- Citations: (2007) C-278/05, [2007] ICR 779

Keywords
- Insolvency protection

= Robins v Secretary of State for Work and Pensions =

Robins v Secretary of State for Work and Pensions (2007) C-278/05 is a UK insolvency law and labour law case, concerning the protection of employees' salaries on their employer's insolvency.

==Facts==
Robins had been employed by a now insolvent company. He had a final salary pension. The company terminated the scheme and then told everyone there was not enough money to cover members’ benefits. They announced they would reduce benefits for members who had not yet started to receive pension payments. Robins claimed compensation from the Secretary of State for not providing the proper level of social protection under Article 8 of Directive 80/987. David Pannick QC acted for the government.

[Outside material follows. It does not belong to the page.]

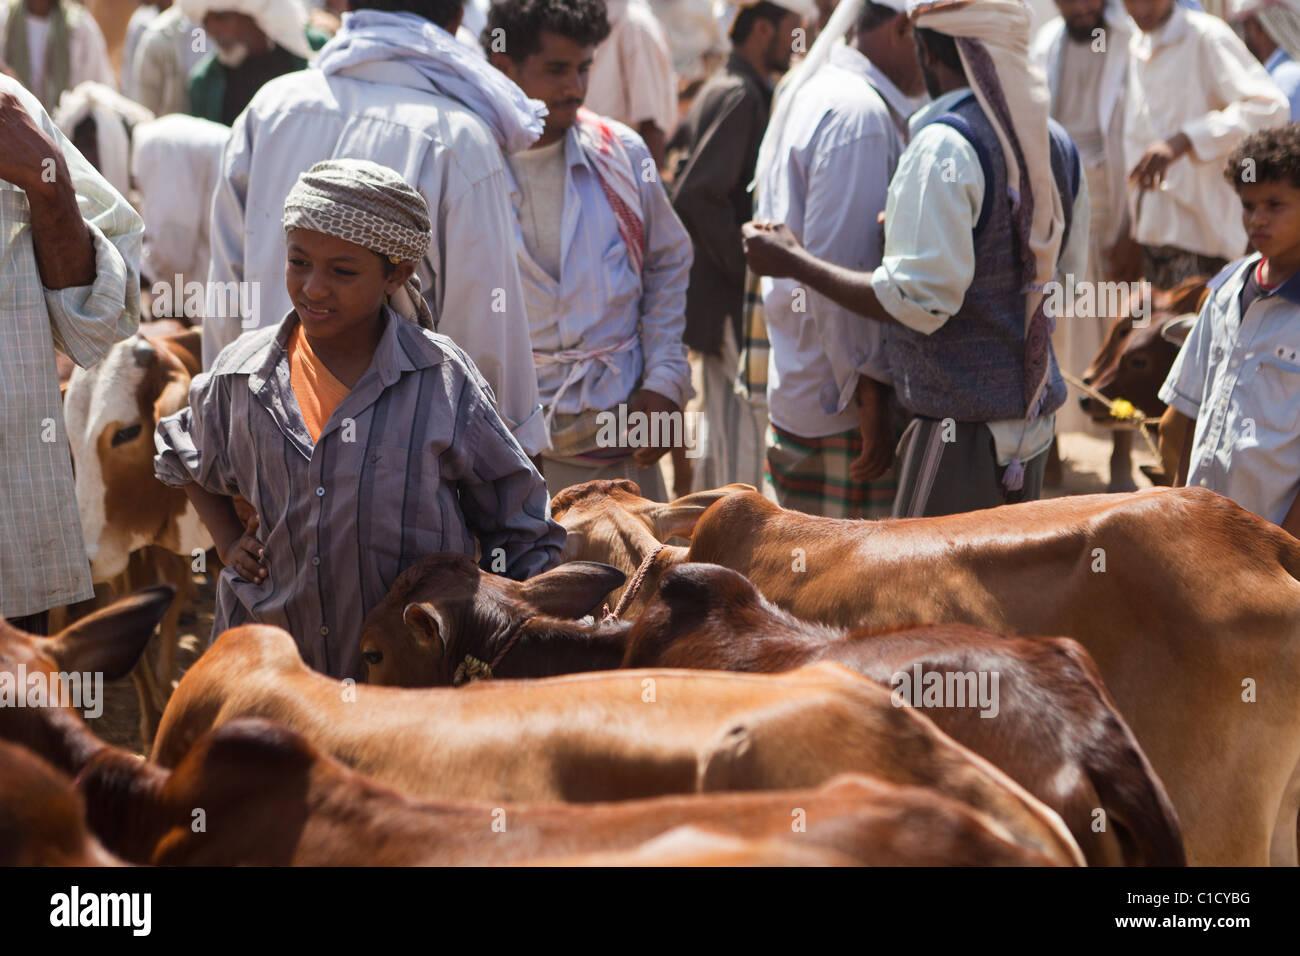 Cattle Market at Bait Al Faqih Friday Market, Yemen - Stock Image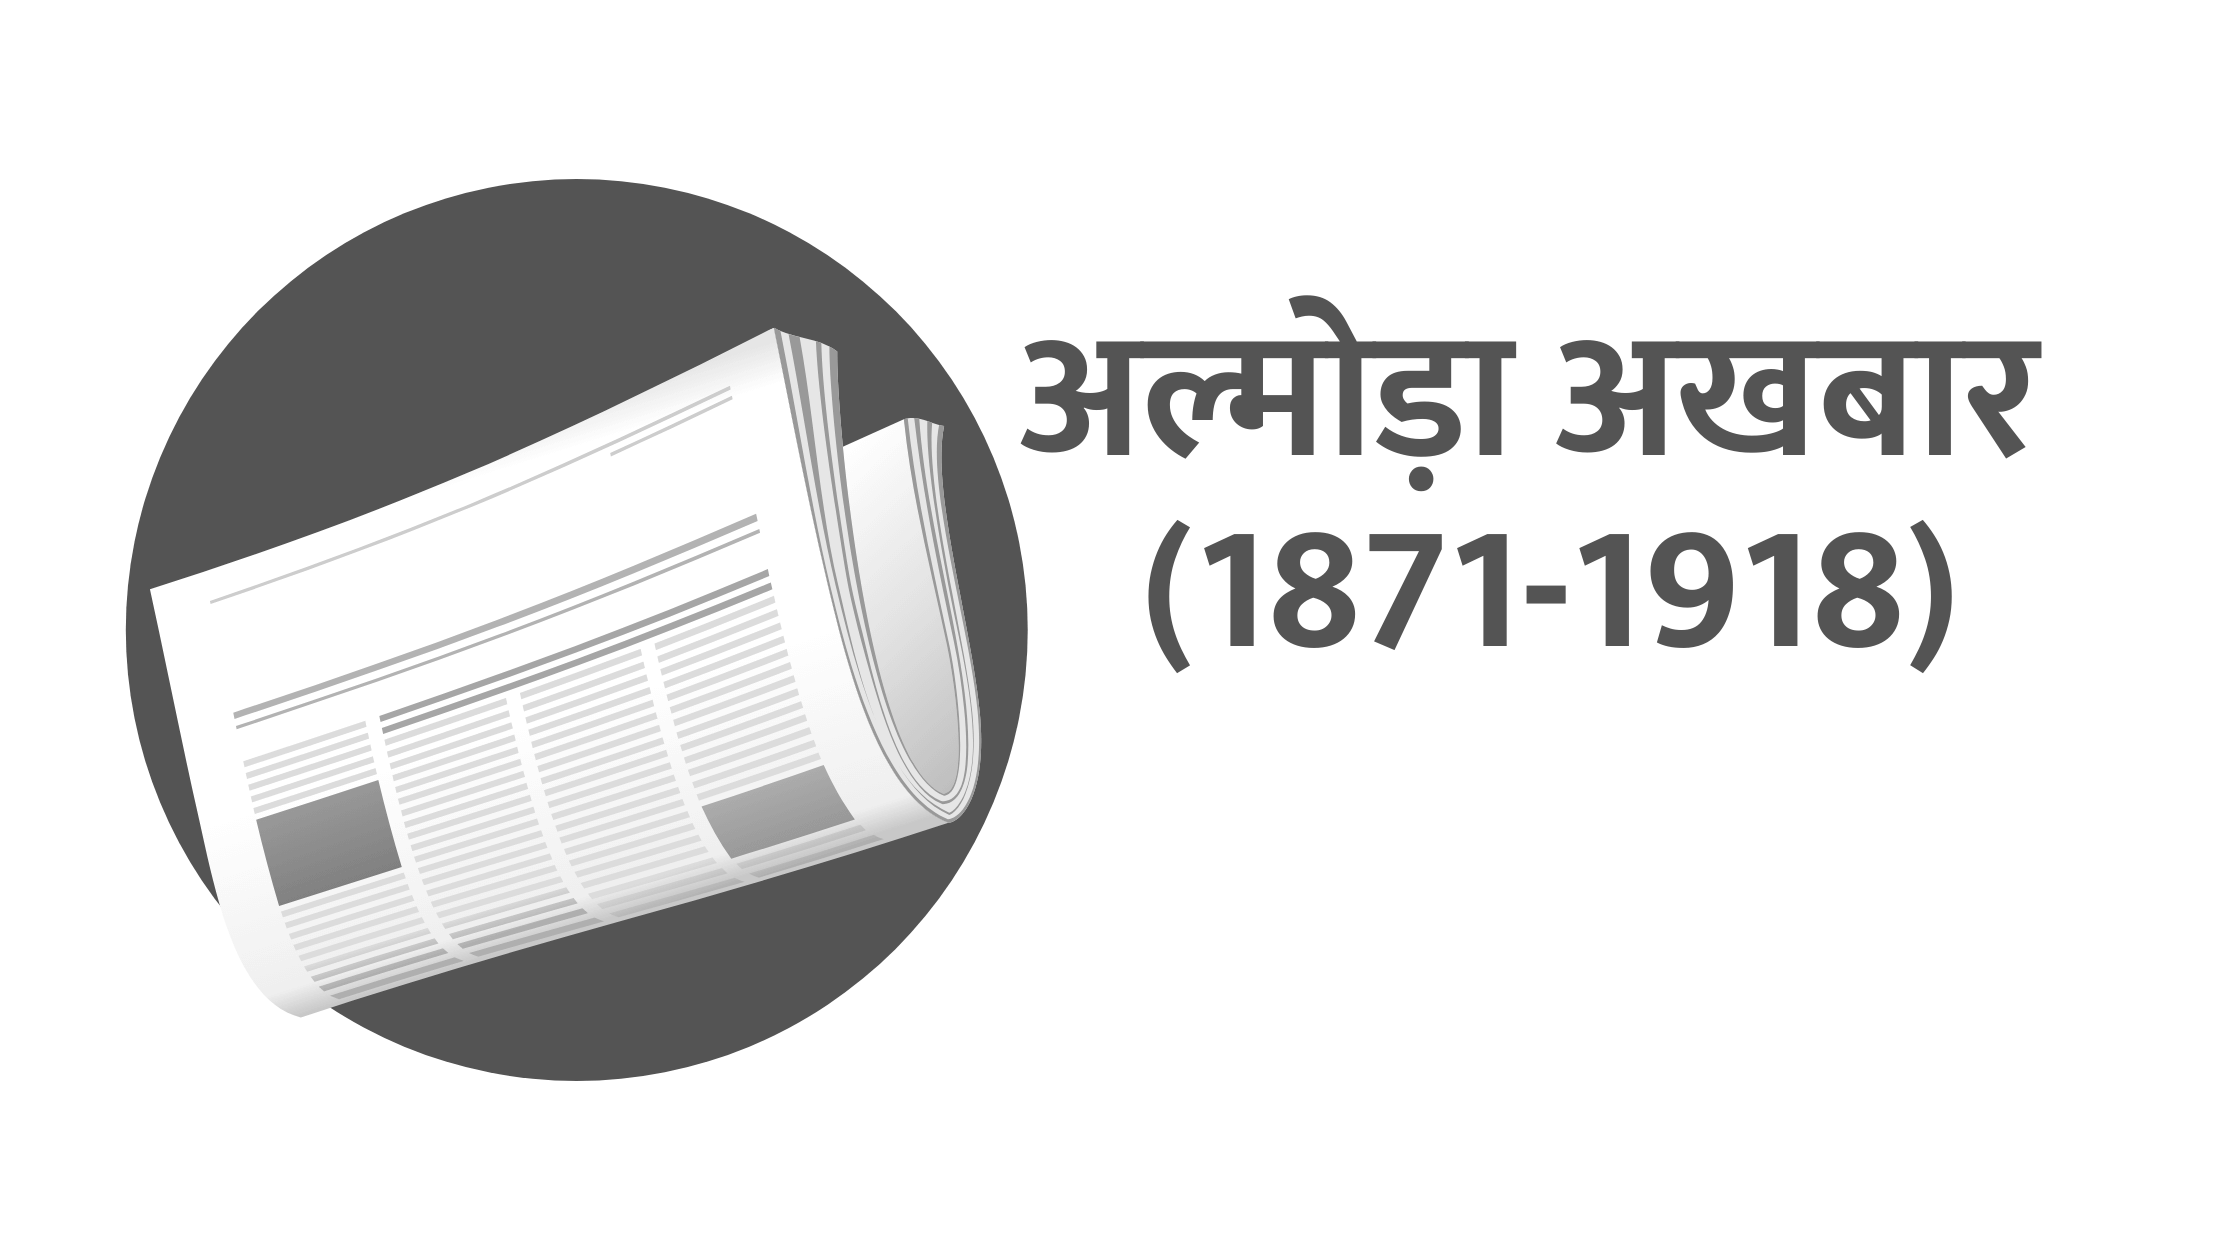 अल्मोड़ा अखबार (1871-1918)

The High Court asked the ECJ whether the member state needed to fund a scheme that had run out of money, and whether the UK had properly transposed the Directive. If not, should the UK incur liability?

==Judgment==
Judge Timmermans in the ECJ held that the member state did not require pension funds to be fully guaranteed, because the member state could oblige insurers to buy insurance.
However, Robins would gain benefits as low as 20% of entitlement, so the UK's scheme under the Pensions Act 2004 section 286 (establishing the Financial Assistance Scheme) did not ‘protect’ workers like Robins within the meaning of Article 8, so the provision was improperly implemented. A Member State's liability was contingent on a finding of manifest and grave disregard by that state for the limits set on its discretion, Brasserie du Pecheur SA v Germany. To determine liability, the national court would have to take into account the clarity and precision of Article 8 with regard to the level of protection required, as well as the measure of discretion left to the national authorities.